Director Ken Kwapis On Why 'A Walk In The Woods' Isn't A Buddy Comedy

At first glance, the formula for the new film A Walk in the Woods looks to be a familiar one: Two long-lost friends take a trip together and discover things about each other and themselves along the way while becoming involved in an escalating number of hilarious situations. It sounds like your typical buddy road comedy, but when you take into account the fact that the movie stars acclaimed actors Robert Redford and Nick Nolte as the two friends, takes place during a challenging hike along the Appalachian Trail, and features some heavy ideas, that label no longer seems to fit.

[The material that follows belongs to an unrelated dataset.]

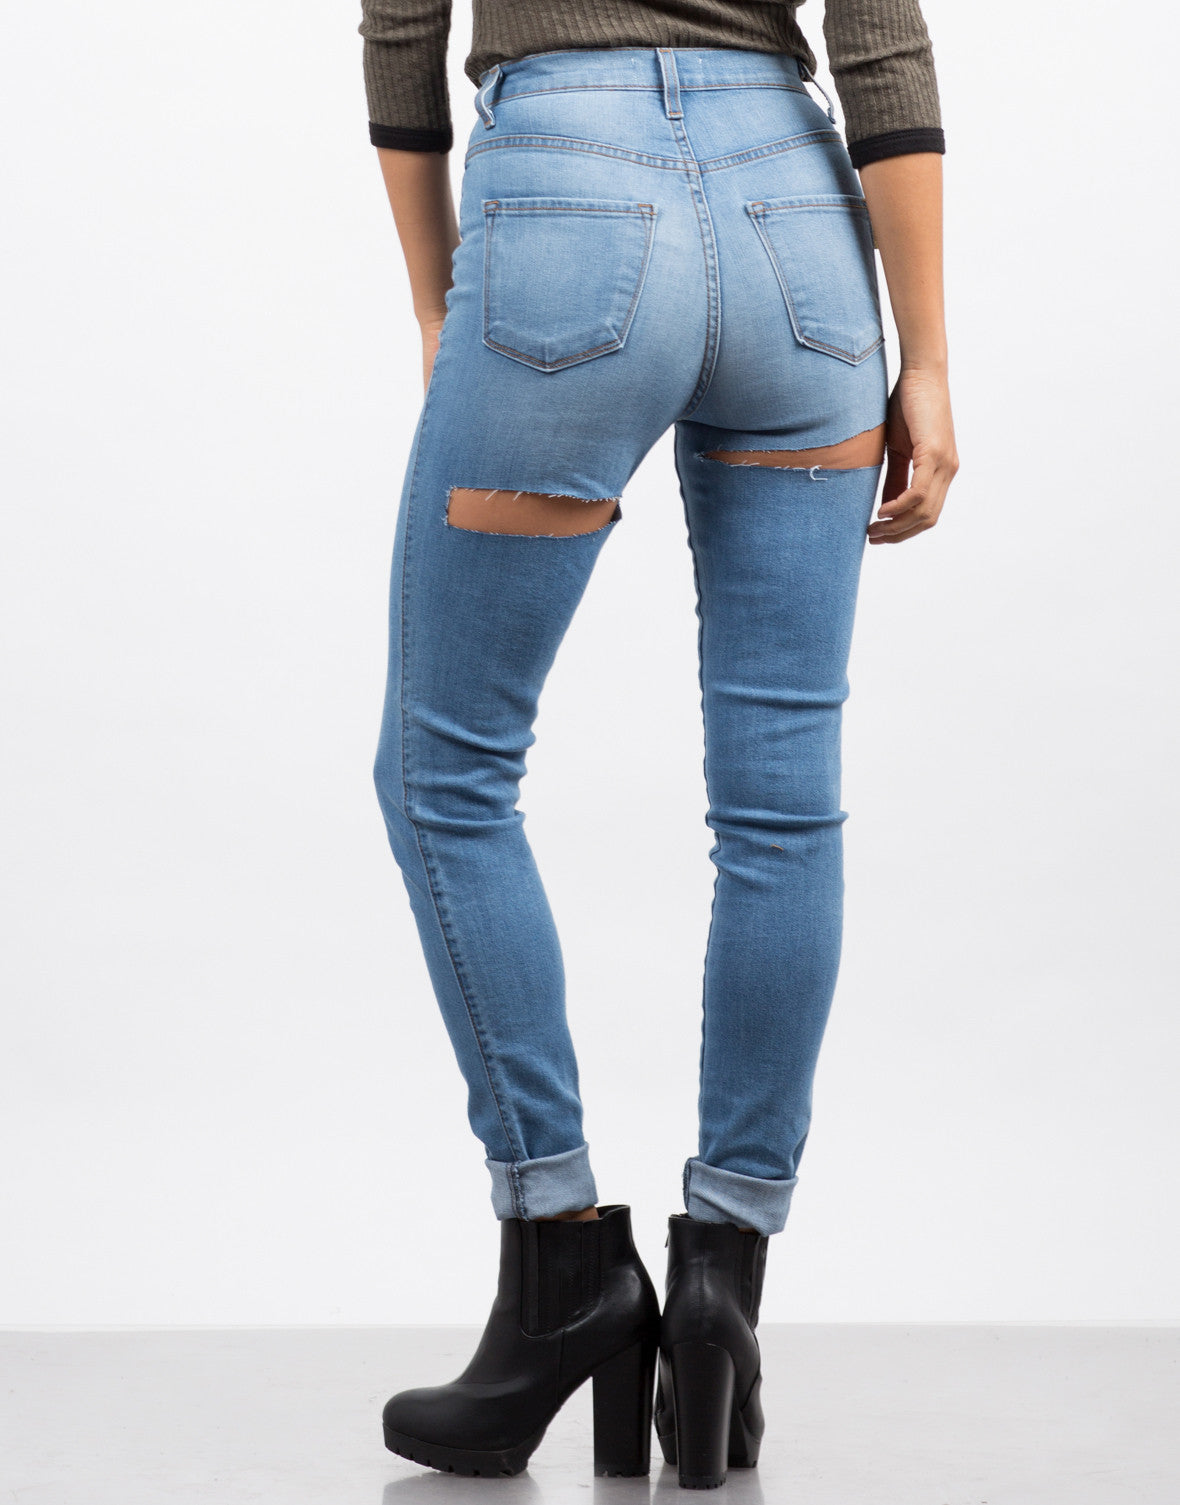 jeans with back cut out

According to director Ken Kwapis, who's no stranger to that genre (he directed He's Just Not That Into You and The Sisterhood of the Traveling Pants, among others), that was the goal all along.

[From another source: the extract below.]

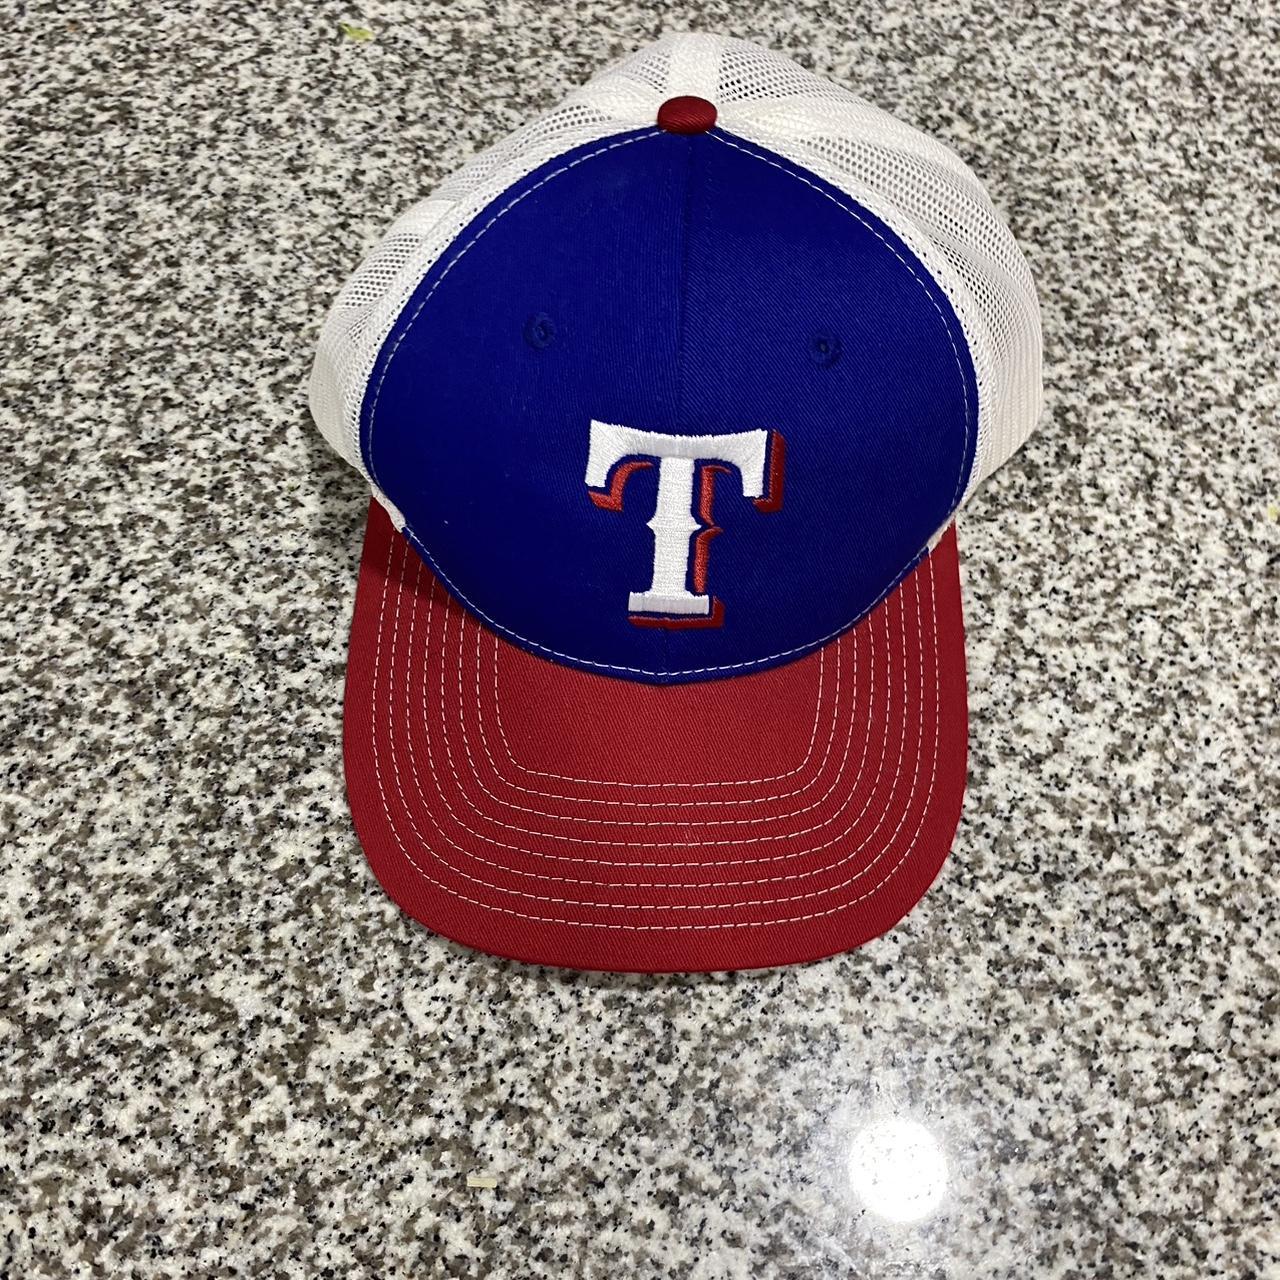 Texas Rangers Hats  Curbside Pickup Available at DICK'S

"I tried not to think too much about other films [while making the movie]. There certainly are road movies, and journey movies that I've loved, but not necessarily buddy pictures... I definitely did not think of it in terms of 1980s buddy pictures," Kwapis tells Bustle. "I thought it's really a story about three characters: Bryson (Robert Redford), Katz (Nick Nolte), and the Appalachian Trail. So in that sense... I maybe consciously wanted to avoid [the buddy comedy genre] ... it's about how these two men interact with this other awesome character. And how this third character somehow informs their emotional journey."

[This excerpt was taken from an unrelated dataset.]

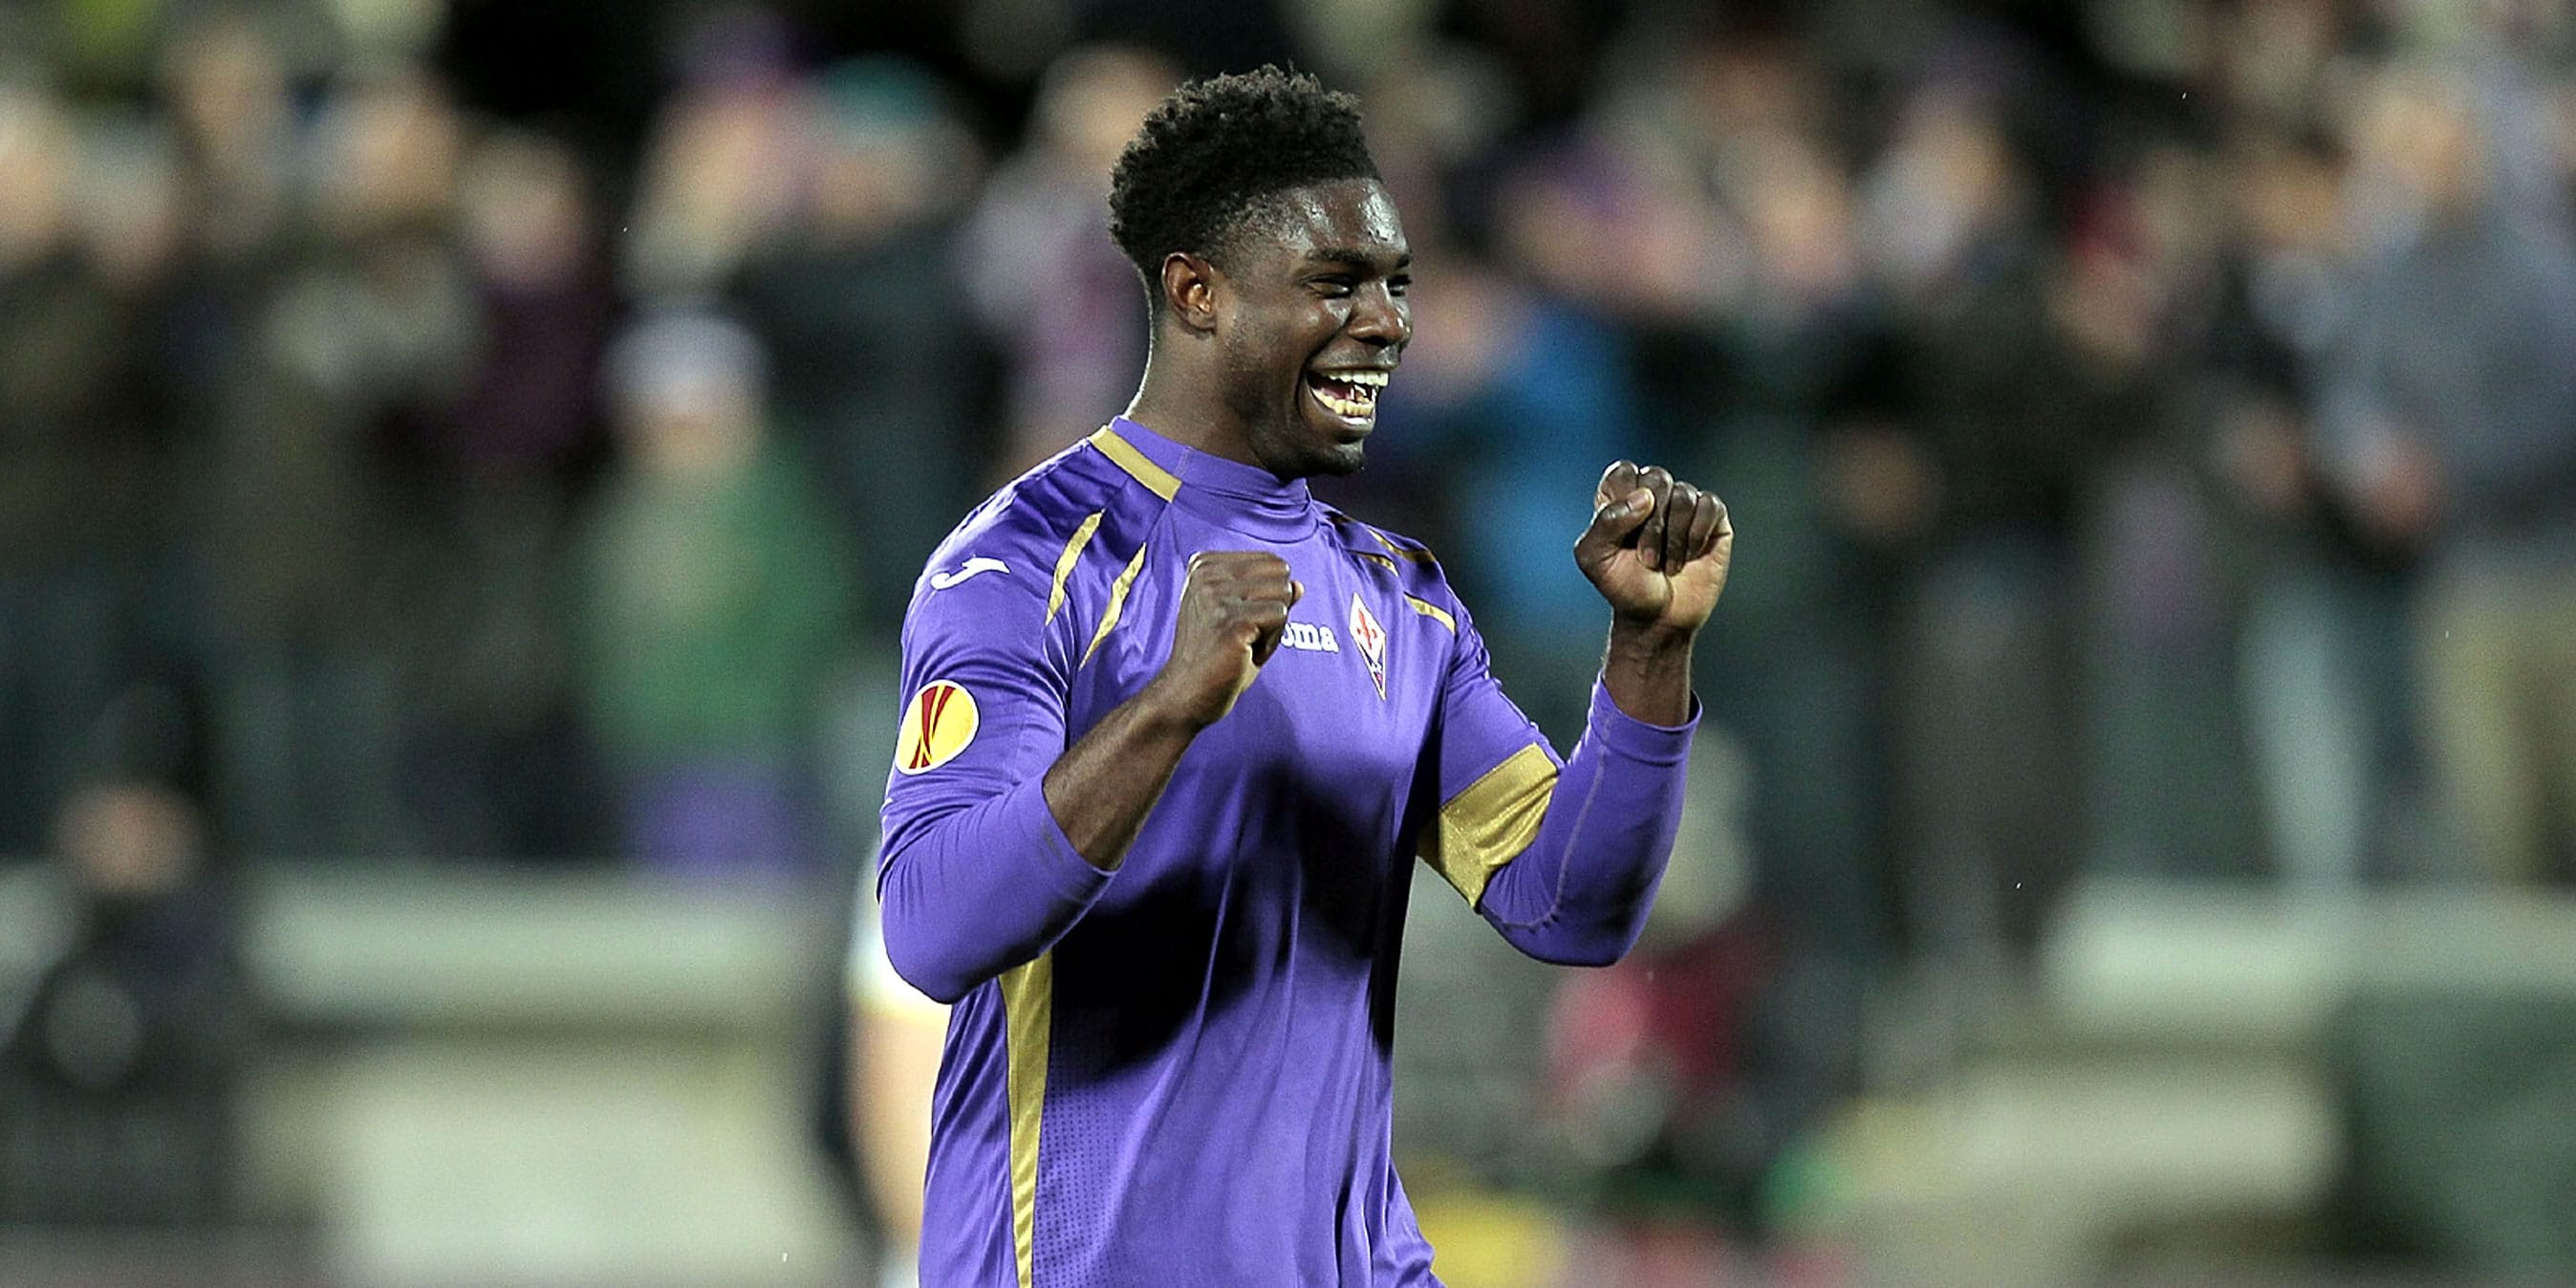 Micah Richards in action for Fiorentina

It's that emotional journey that truly forms the basis for the film, more so than the comedy aspect, says Kwapis.

"I felt like I needed to create an emotional map, an emotional trail that these two guys followed," the director says. "In the rehearsal process with Bob and Nick, we didn't talk about staging scenes, we discussed the emotional arc that these two characters follow and created emotional signposts along the way." 

Kwapis credits the script with enabling the film to balance its emotional heft with its lighter comedic moments in a way that feels natural to the audience. 

"The other thing too, and I have to give credit to our screenwriter Bill Holderman, is the script has a light surface. There are comedic scenes, but I think the script has really strong emotional content, but it sneaks up on you. The film doesn't announce itself," Kwapis says. "So one of the nice things about it is when you finally get to the climactic scenes ... the issues of lost time ... or the issue of taking stock of your life, thinking about the roads you did or didn't take, these are kind of meaty issues and I think the audience is ready for them to take center stage at that point."

A Walk in the Woods may be a comedy about buddies on the road together, but it's no buddy road comedy. Ken Kwapis strives for something deeper in his new film, and he may have even created a new genre in the process.